Trakeostomi awalnya dilakukan pada kebanyakan pasien,
namun dengan adanya teknik intubasi serta penempatan fiber-optic
Endotracheal Tube yang lebih baik, maka kebutuhan akan
trakeostomi berkurang. Intubasi dilakukan melalui hidung
dengan menggunakan teleskop yang fleksibel saat pasien masih sadar
dan dalam posisi tegak. Jika tidak memungkinkan, dapat dilakukan
krikotiroidotomi atau trakheotomi dengan anestesi lokal. 7
Pemberian dexamethasone IV selama 48 jam, di samping
terapi antibiotik dan operasi dekompresi, dilaporkan dapat membantu
proses intubasi dalam kondisi yang lebih terkontrol, menghindari
kebutuhan akan trakheotomi/krikotiroidotomi, serta mengurangi
waktu pemulihan di rumah sakit. Diawali dengan dosis 10mg, lalu
diikuti dengan pemberian dosis 4 mg tiap 6 jam selama 48 jam. 7
Setelah patensi jalan napas telah teratasi maka antibiotik IV
segeradiberikan.Awalnya pemberian Penicillin G dosis tinggi (2-4 juta
unit IV terbagi setiap 4 jam) merupakan lini pertama pengobatan
angina Ludwig. Namun, dengan meningkatnya prevalensi produksi
beta-laktamase terutama pada Bacteroides sp, penambahan
metronidazole,clindamycin, cefoxitin, piperacilin-tazobactam,
amoxicillin-clavulanate harus dipertimbangkan. Kultur darah dapat
membantu mengoptimalkan regimen terapi. 7
Selain itu, dilakukan pula eksplorasi dengan tujuan dekompresi
(mengurangi ketegangan)dan evaluasi pus, di mana pada umumnya
angina Ludwig jarang terdapat pus atau jaringan
nekrosis.Eksplorasilebih dalam dapat dilakukan memakai cunam
tumpul. Jika terbentuk nanah, dilakukan insisi dan drainase. Insisi
dilakukan di garis tengah secara horisontal setinggi os hyoid (3-4
jari di bawah mandibula). Insisi dilakukan di bawah dan parallel
dengan corpus mandibula melaluifascia dalam sampai kedalaman
kelenjar submaksila.Insisi vertikal tambahan dapat dibuat di atas os
hyoid sampai batas bawah dagu.Jika gigi yang terinfeksi merupakan
fokal infeksi dari penyakit ini, maka gigi tersebut harus diekstraksi
untuk mencegah kekambuhan. Pasien di rawat inap sampai infeksi
reda.
B. KONSEP ASUHAN KEPERAWATAN
1. Pengkajian
Data yang harus dikumpulkan dalam pengkajian yang dilakukan pada
kasus angina ludwig adalah sebagai berikut :

a. Aktifitas/istirahat
Data Subyektif : Pusing, sakit kepala, nyeri, mulas.
Data Obyektif : Perubahan kesadaran, masalah dalam keseimbangan
cedera (trauma).
b.

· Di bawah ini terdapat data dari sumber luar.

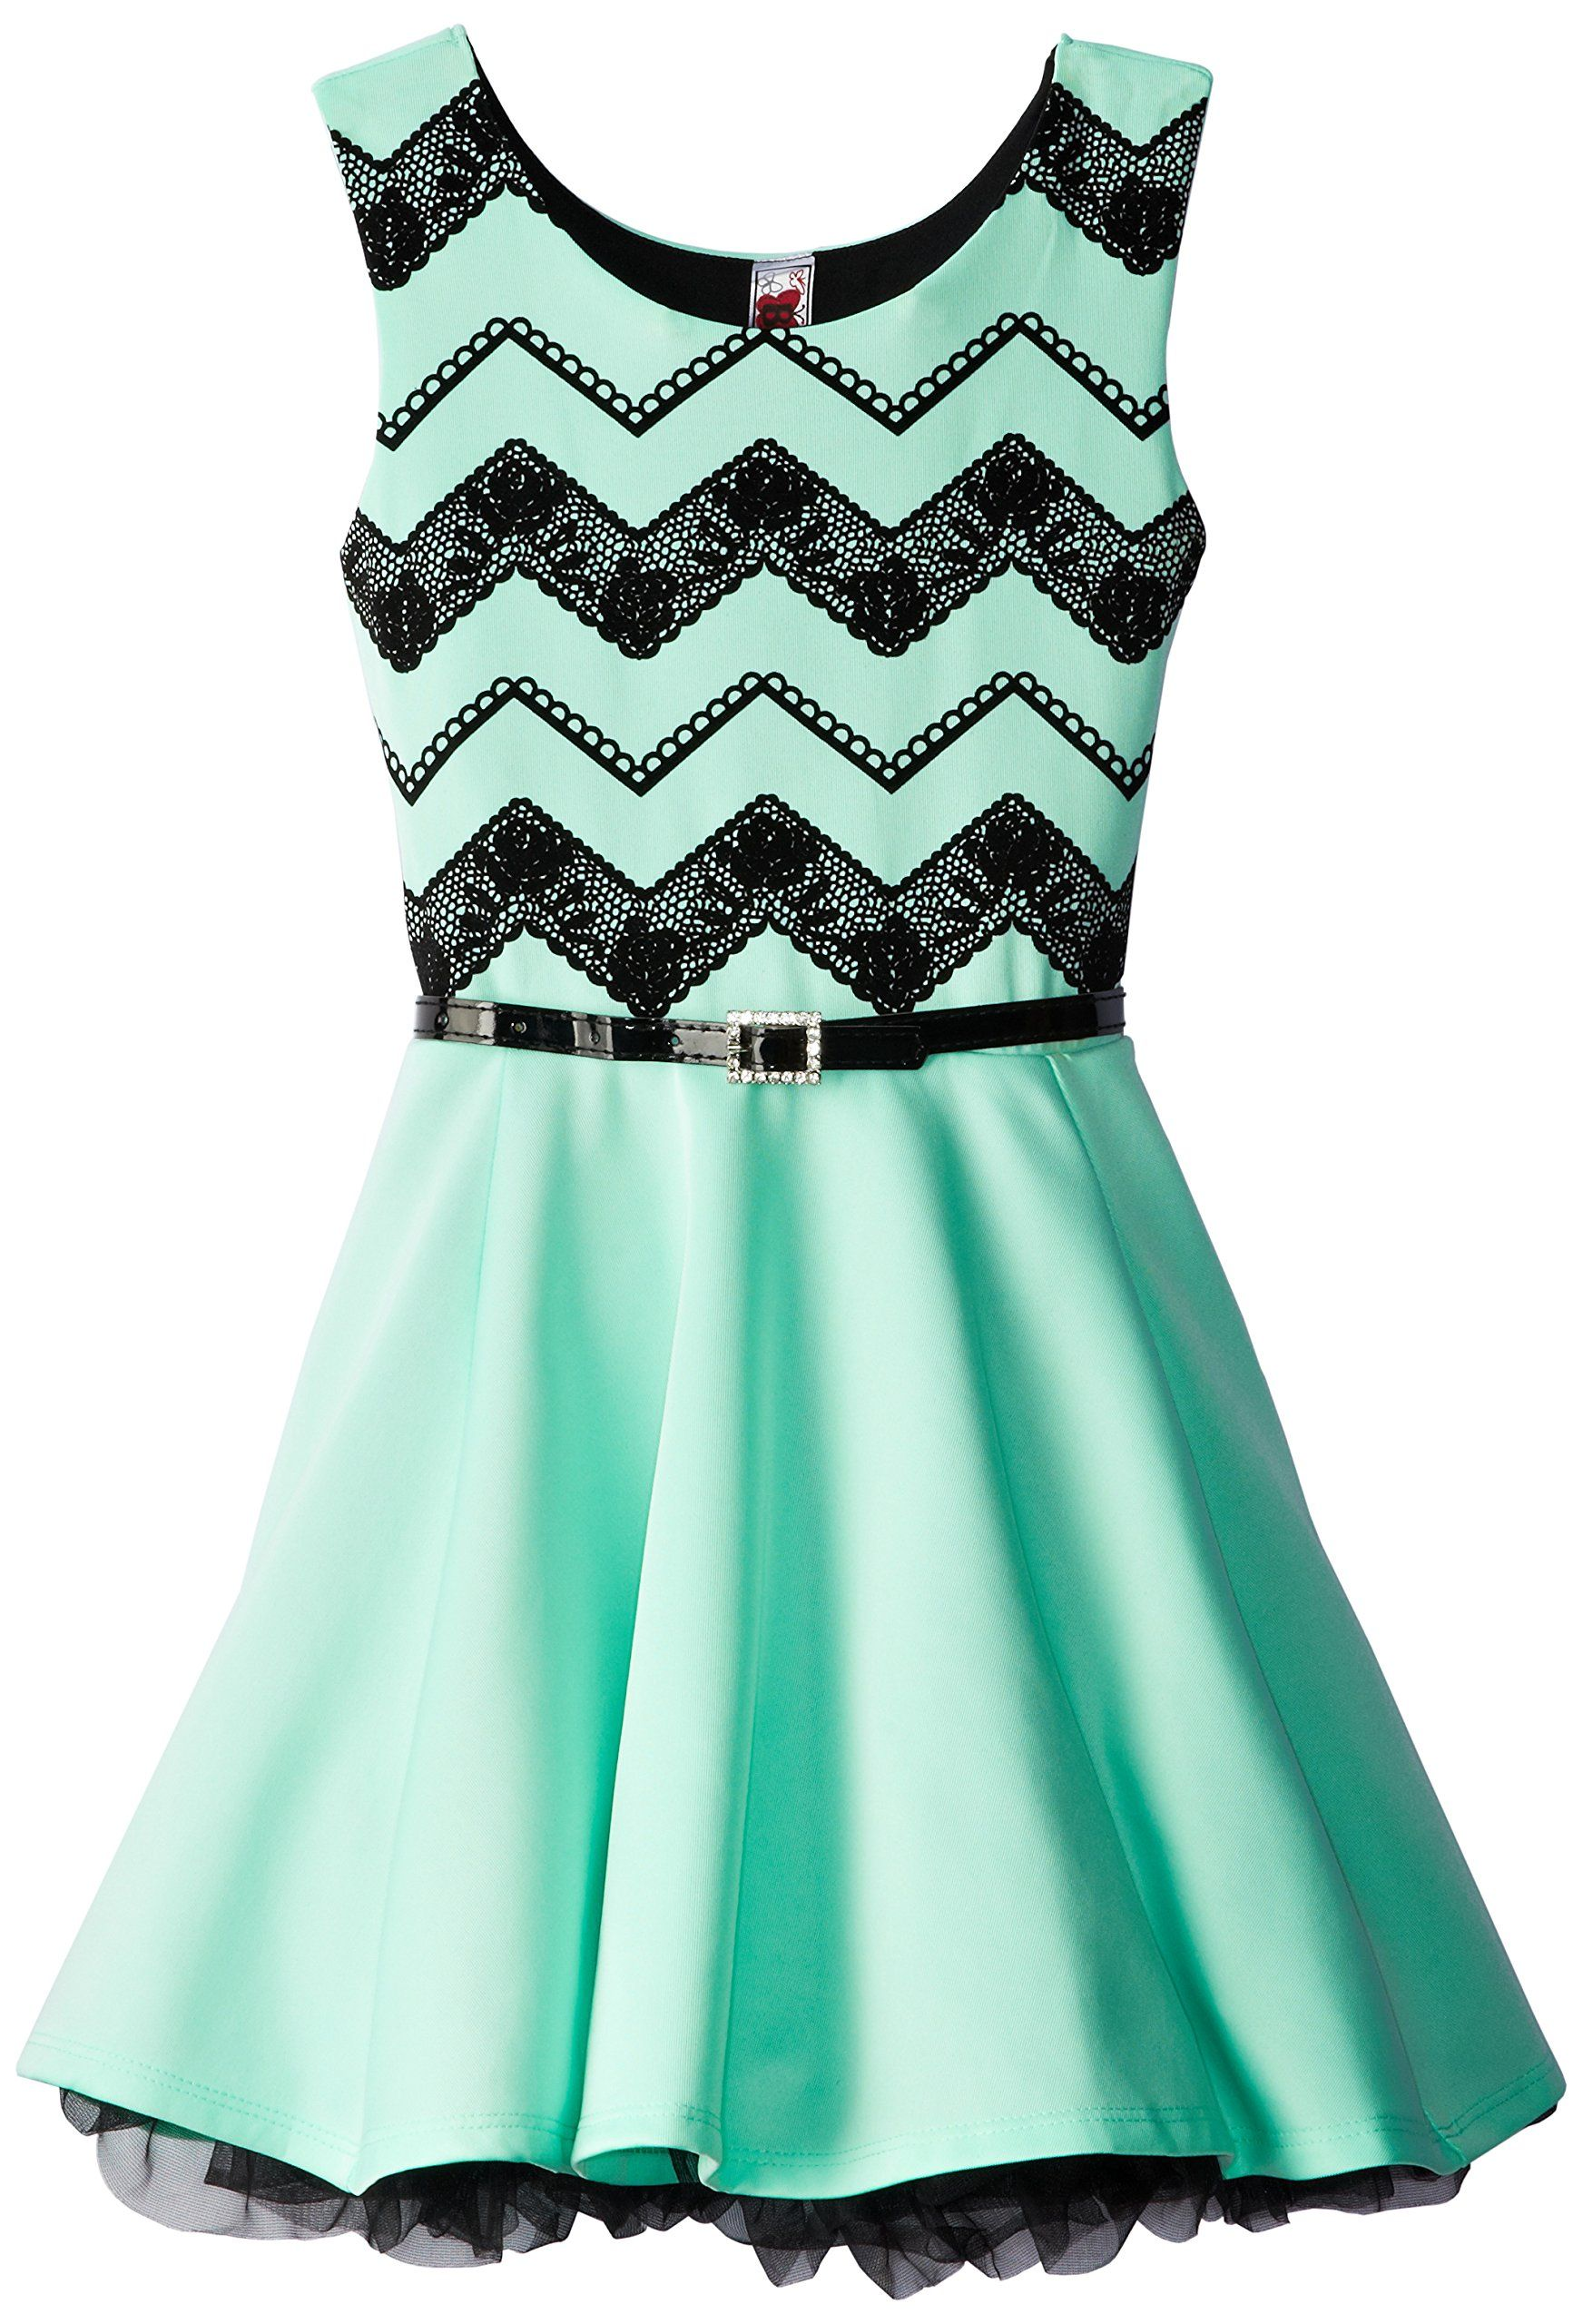 Beautees Big Girls Printed Lace Dress Mint 16 Anna S

Sirkulasi
Data Obyektif: kecepatan (bradipneu, takhipneu), pola napas
(hipoventilasi, hiperventilasi, dll).
c. Integritas ego
Data Subyektif: Perubahan tingkah laku/ kepribadian (tenang atau
dramatis)
Data Obyektif : cemas, bingung, depresi.
d. Makanan dan cairan
Data Subyektif : Mual, muntah, dan mengalami perubahan selera
makan.
Data Obyektif : Mengalami distensi abdomen.
e. Nyeri dan kenyamanan
Data Subyektif : nyeri pada rahang dan bengkak
Data Obyektif : Wajah meringis, gelisah, merintih.
f. Pernafasan
Data Subyektif : Perubahan pola nafas.
Data Objektif: Pernapasan menggunakan otot bantu pernapasan/ otot
aksesoris.
2. Diagnosa Keperawatan
Pre Operatif
a. Nyeri Akut
b. Hipertermi
c. Ansietas
d. Gangguan Integritas Kulit
Intra Operatif
a. Resiko Infeksi

Post Operatif
a. Nyeri Akut
b. Hipotermi
3. Implementasi

Implementasi merupakan wujud nyata dari rencana keperawatan yang


telah dibuat sebelumnya.
4. Evaluasi

Evaluasi merupakan pengkajian sejauh mana pencapaian dari tindakan


keperawatan yang telah diberikan kepada pasien.